Academic journal article Genetics

Molecular Population Genetics of Drosophila Subtelomeric DNA

Academic journal article Genetics

Molecular Population Genetics of Drosophila Subtelomeric DNA

Article excerpt

ABSTRACT

DNA sequence surveys in yeast and humans suggest that the forces shaping telomeric polymorphism and divergence are distinctly more dynamic than those in the euchromatic, gene-rich regions of the chromosomes. However, the generality of this pattern across outbreeding, multicellular eukaryotes has not been determined. To characterize the structure and evolution of Drosophila telomeres, we collected and analyzed molecular population genetics data from the X chromosome subtelomere in 58 lines of North American Drosophila melanogaster and 29 lines of African D. melanogaster. We found that Drosophila subtelomeres exhibit high levels of both structural and substitutional polymorphism relative to linked euchromatic regions. We also observed strikingly different patterns of variation in the North American and African samples. Moreover, our analyses of the polymorphism data identify a localized hotspot of recombination in the most-distal portion of the X subtelomere. While the levels of polymorphism decline sharply and in parallel with rates of crossing over per physical length over the distal first euchromatic megabase pairs of the X chromosome, our data suggest that they rise again sharply in the subtelomeric region ([asymptotically =]80 kbp). These patterns of historical recombination and geographic differentiation indicate that, similar to yeast and humans, Drosophila subtelomeric DNA is evolving very differently from euchromatic DNA.
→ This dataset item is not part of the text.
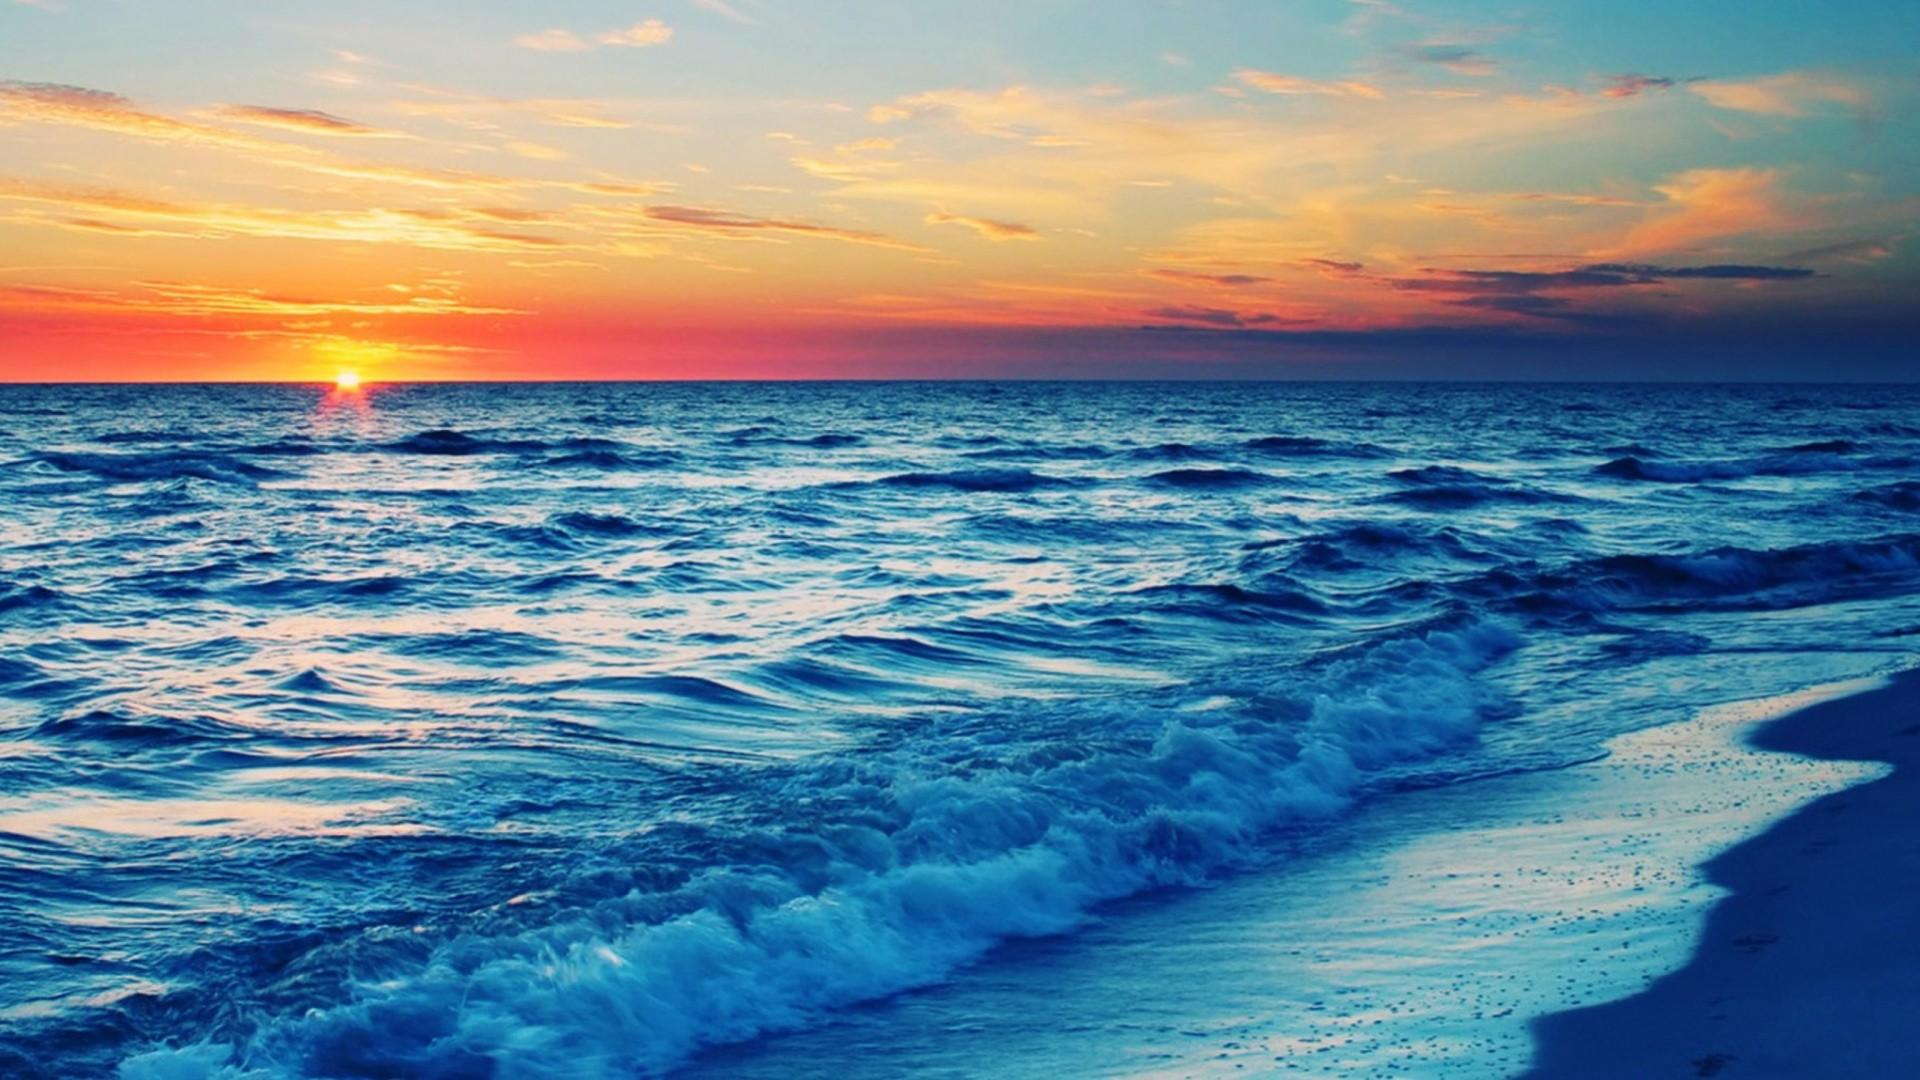 Beach At Sunset wallpaperwallpaper screensaver .

POPULATION geneticists aspire to understand the evolutionary forces shaping patterns of molecular polymorphism and divergence. The recent increase in the quantity of DNA sequence data from proteincoding regions has led to considerable advances in our understanding of the forces governing the evolution of such regions. For example, genomic surveys have revealed functional variants as well as classes of genes enriched for the signature of natural selection (e.g., Bustamante et al. 2005; Nielsen et al. 2005; Begun et al. 2007). In contrast, regions of the genome containing fewer genes but an increased density of repetitive sequences have been less amenable to population and molecular evolutionary analysis. These regions, typically found adjacent to telomeres and centromeres, are collectively referred to as the heterochromatin. Because heterochromatic DNA is difficult to clone, sequence, and assemble, much less is known about the structure of these regions. Thus, there is almost no foundation for effective population or comparative genomic analyses. Indeed, only recently have researchers begun to identify the sparsely distributed protein-coding sequences embedded in heterochromatin (reviewed in Yasuhara and Wakimoto 2006).
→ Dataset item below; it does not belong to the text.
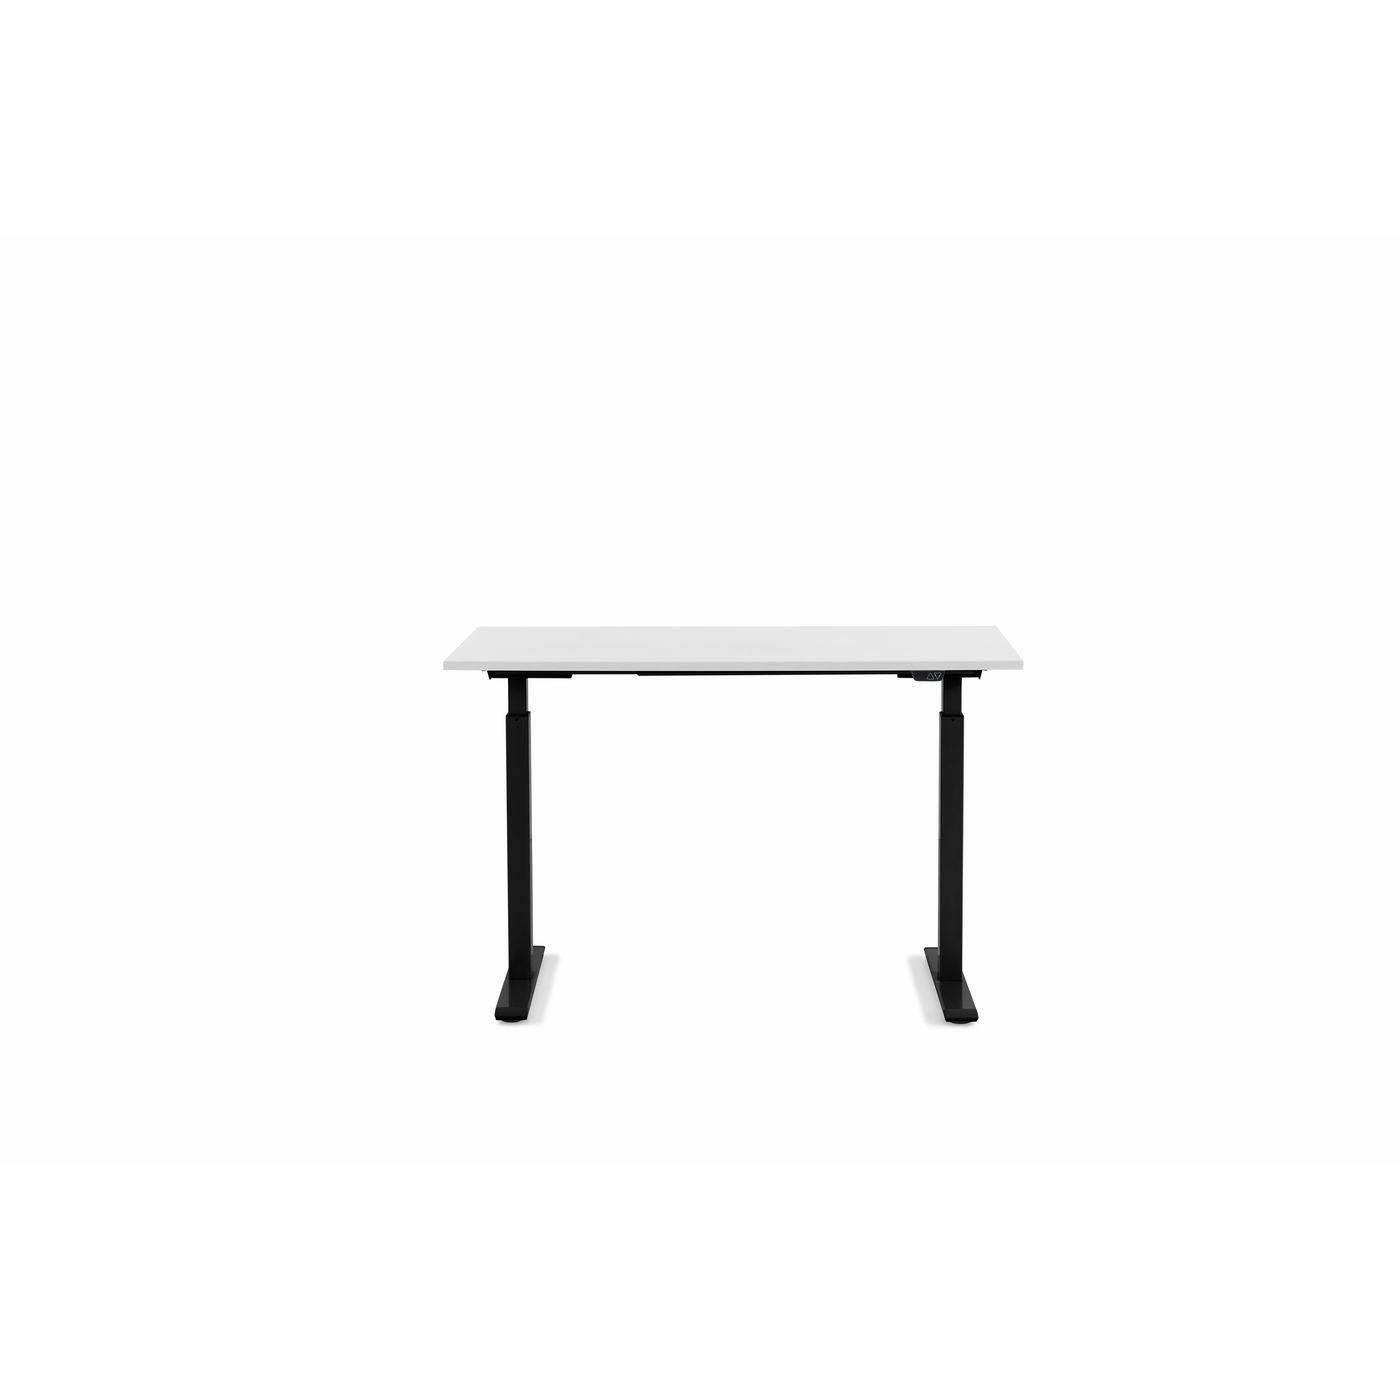 KARE DESIGN Office Smart Black White skrivebord - hvid melamin og sort stål (120x70)

Most population and molecular evolutionary surveys from telomeric regions come from yeast and primates (but see recent work on Arabidopsis in Kuo et al. 2006). These studies show that telomeric DNA is evolving very differently from the gene-rich euchromatin. For example, the telomeric regions of several human chromosomes are dramatically different fromthe corresponding regions in chimpanzees (e.g., Trasket al. 1998), showing large-scale rearrangements, as well as extensive differentiation of highly repeated elements. In addition, the telomeric regions of the human and yeast genomes exhibit unusually high levels of within-species structural and nucleotide polymorphism (see Pryde et al. 1997 and Mefford and Trask 2002 for reviews).

Although data from other organisms are scarce, we have recently found that the most-distal regions of Drosophila subtelomeres are evolving quite rapidly between Drosophila melanogaster and its close relatives, D. simulans and D. yakuba, which is consistent with observations of primates ( J. A. Anderson, S. E. Celniker and C. H. Langley, unpublished results). Figure 1 depicts a typical telomeric region of D. melanogaster; at a large scale, the structure of this genomic region resembles the structure typical of other eukaryotes. …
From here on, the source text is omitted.